A: Some common mistakes to avoid when working with this reaction include:

  • Not following the stoichiometry of the reaction
  • Not using the correct reactants
  • Not controlling the reaction conditions
  • Not handling the reactants and products safely

Q: Where can I find more information about this reaction?

A: You can find more information about this reaction in chemistry textbooks, online resources, and scientific articles.

Q: Can I use this reaction to produce nitrous oxide gas in a laboratory setting?

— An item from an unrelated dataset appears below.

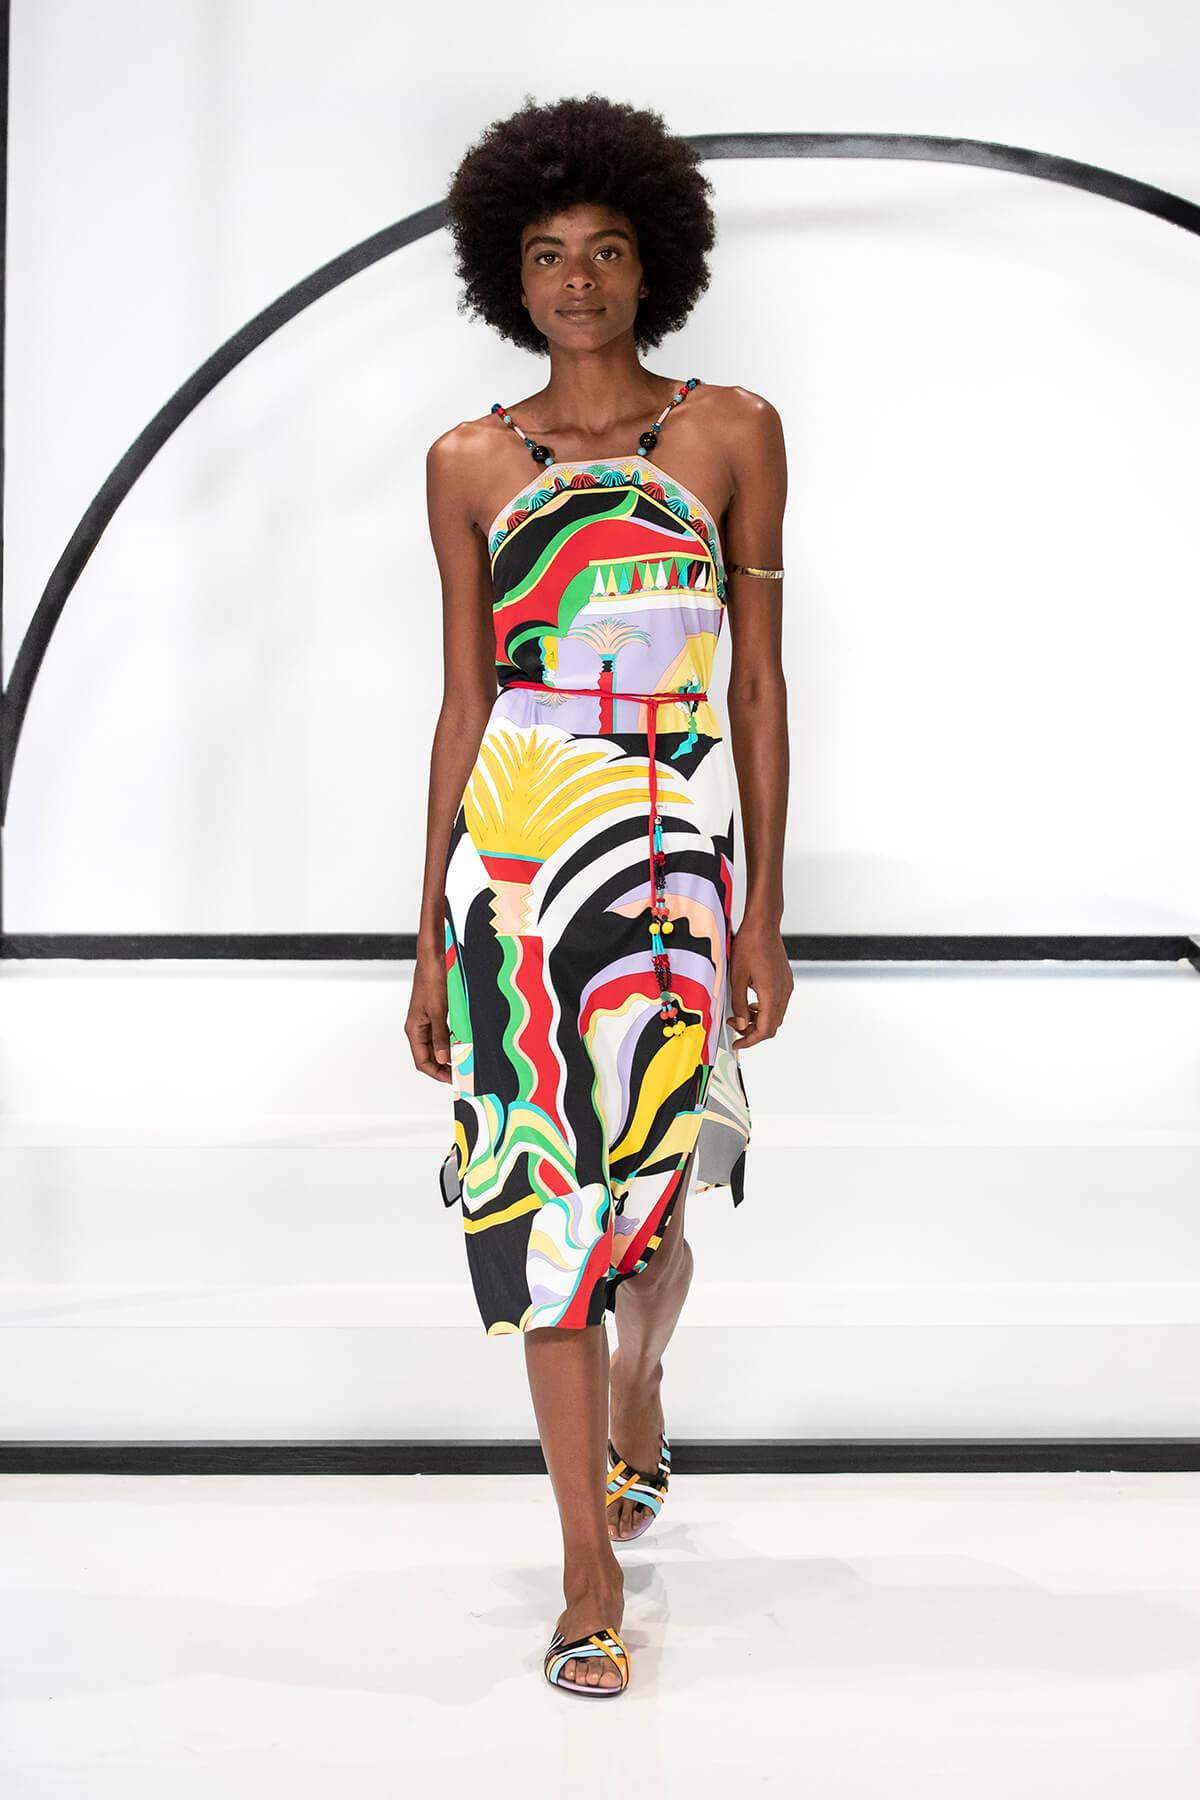 Model on catwalk wearing a colourful summer dress

A: Yes, you can use this reaction to produce nitrous oxide gas in a laboratory setting. However, you need to follow proper laboratory safety protocols and obtain any necessary permits or approvals.

Q: What are some common laboratory techniques used to produce nitrous oxide gas?

A: Some common laboratory techniques used to produce nitrous oxide gas include:

  • Using a gas generator to produce nitrous oxide gas
  • Using a reaction vessel to produce nitrous oxide gas
  • Using a gas chromatograph to analyze the nitrous oxide gas

Q: Can I use this reaction to produce nitrous oxide gas in a industrial setting?

A: Yes, you can use this reaction to produce nitrous oxide gas in an industrial setting. However, you need to follow proper industrial safety protocols and obtain any necessary permits or approvals.

Q: What are some common industrial techniques used to produce nitrous oxide gas?

A: Some common industrial techniques used to produce nitrous oxide gas include:

  • Using a gas generator to produce nitrous oxide gas
  • Using a reaction vessel to produce nitrous oxide gas
  • Using a gas compressor to compress the nitrous oxide gas

Q: Can I use this reaction to produce other gases in an industrial setting?

A: Yes, you can use this reaction as a starting point to produce other gases in an industrial setting. However, you need to modify the reaction conditions or use different reactants to produce the desired gas.